Party announces five demands of the government
In its press conference, the Congress laid out a five-point charter of demands. First, it insisted Modi visit the state before the next parliamentary session – the winter session will begin on November 25 – meet relief camp residents and consult local leaders.
Second, the Congress demanded that Modi engage with delegates from all parties, including the BJP and the Congress, as the homes of legislators from both parties were being targeted in the state.
Third, it demanded that a new governor be appointed specifically for the state. Former governor Anusuiya Uikey left office in July and Assam governor Laksman Acharya currently bears additional charge as governor of Manipur.
Fourth, the party called for accountability from Shah, questioning the alleged “jugalbandi” between him and Manipur chief minister N. Biren Singh. It also alleged favouritism on Shah and Singh’s part as well as a failure to prosecute drug-related cases.
Its fifth demand was immediate action on the Supreme Court’s concerns relating to the state. The party cited an observation by the apex court last year that the constitutional machinery in the state had collapsed.
‘Prime minister has done nothing but protect Biren Singh’
Chodankar, the Congress in-charge for Manipur, accused the BJP of prioritising the chief minister’s political survival over the state’s welfare.
“For the past 18 months, the prime minister has done nothing but protect the chief minister of Manipur,” Chodankar said.
The Congress said it was committed to restoring peace in Manipur. “We tried every possible way to bring stability, but this government has failed. The prime minister must respond immediately,” Chodankar added.
At least twenty people have been killed in a spike in the violence in Manipur just this month, as per some estimates.
Shah last year promised compensation to the kin of those who lost their lives to the violence.

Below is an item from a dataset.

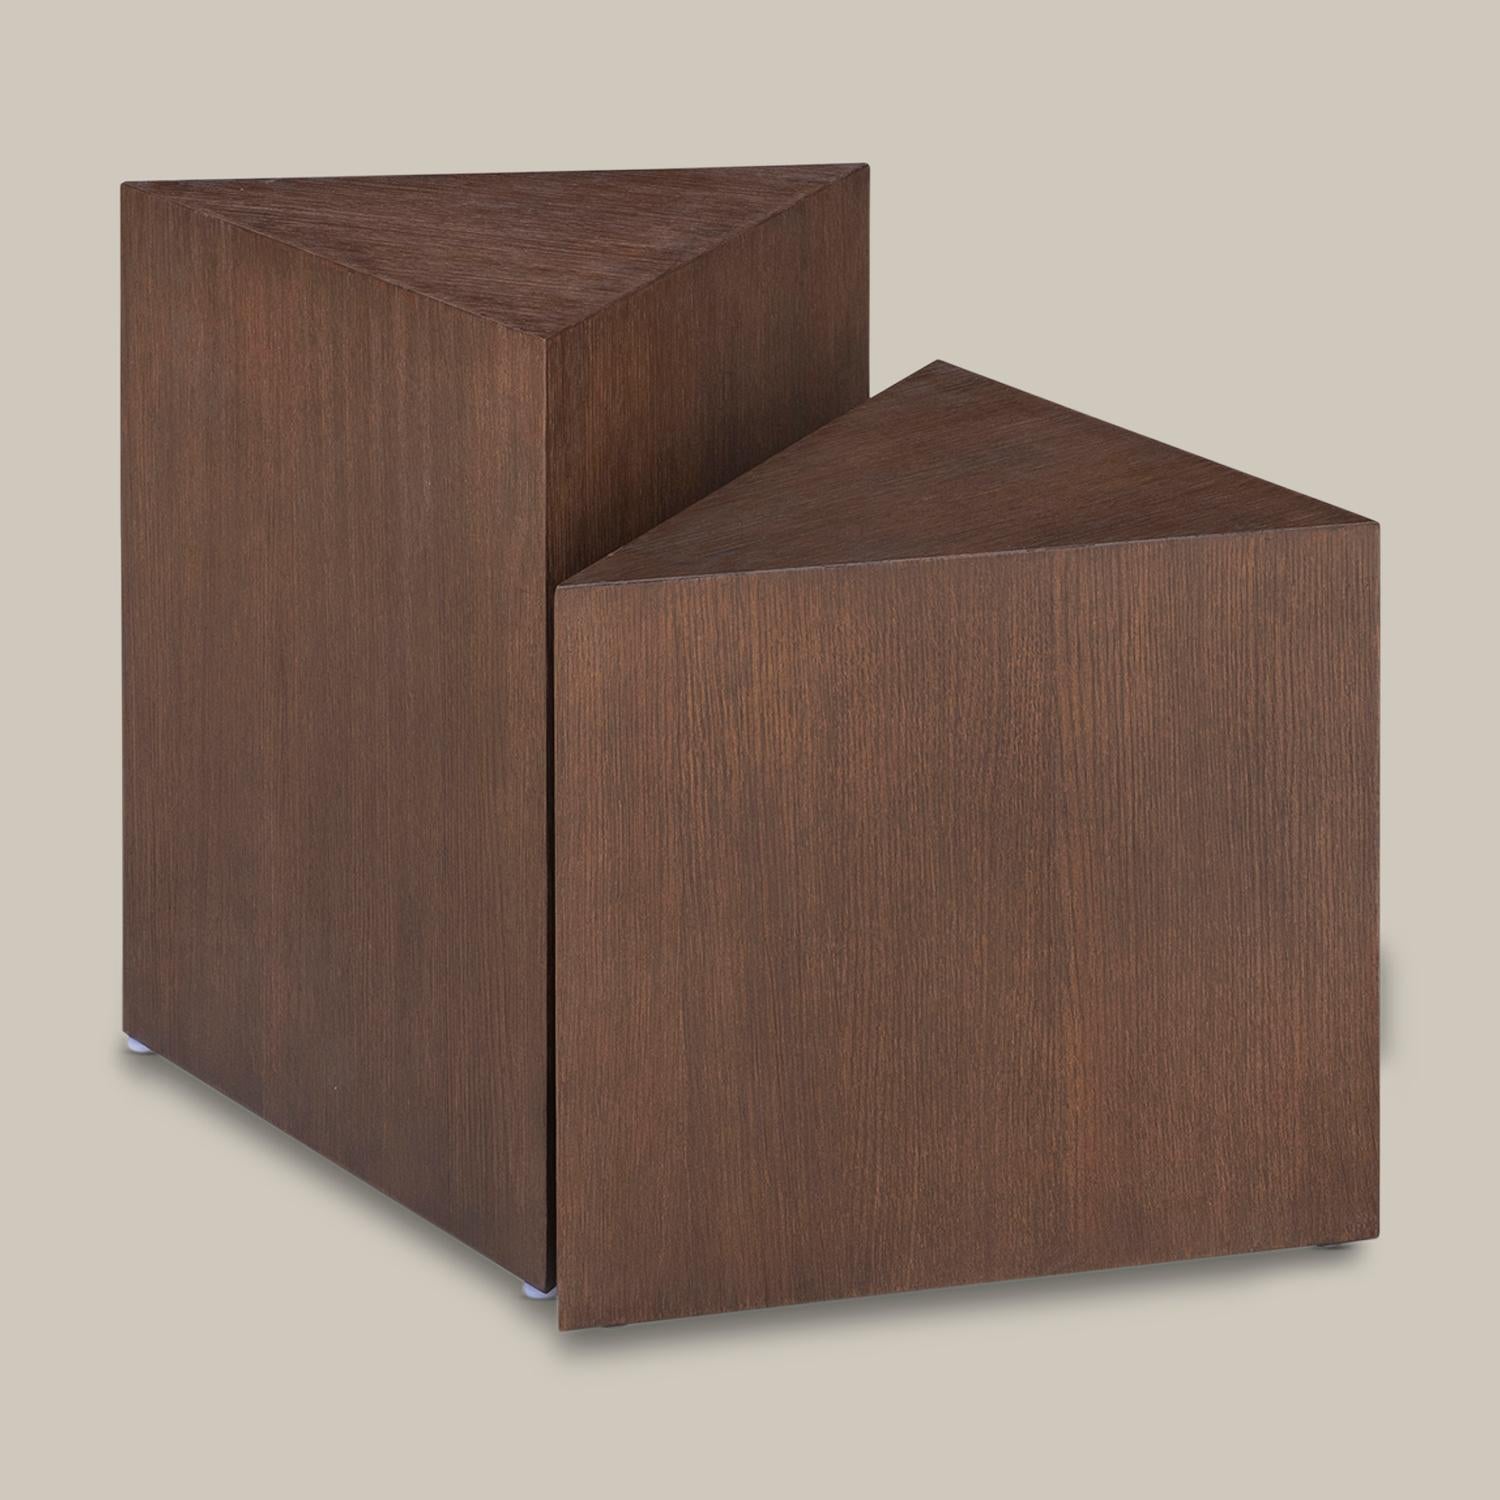 This solid wood triangular design reinterprets the tradition of sculpture as an artful side table. Handmade by artisans in Vietnam, this modern, functional piece is beautiful on its own or grouped with the Arago and Appell.

The Union home ministry has not disbursed enough money that would cover all 226 people officially estimated to have lost their lives.
After tensions in the Imphal valley over the six people who went missing from Jiribam escalated into violence last week, the authorities imposed an indefinite curfew across multiple districts of the valley and curbed internet services in these districts as well as two Kuki-Zo-dominated hill districts to curb the unrest.
The ethnic violence in the state erupted in May last year, following which segregation between the Meiteis and Kuki-Zos reached near-complete levels. The two communities are physically separated by buffer zones patrolled by security forces.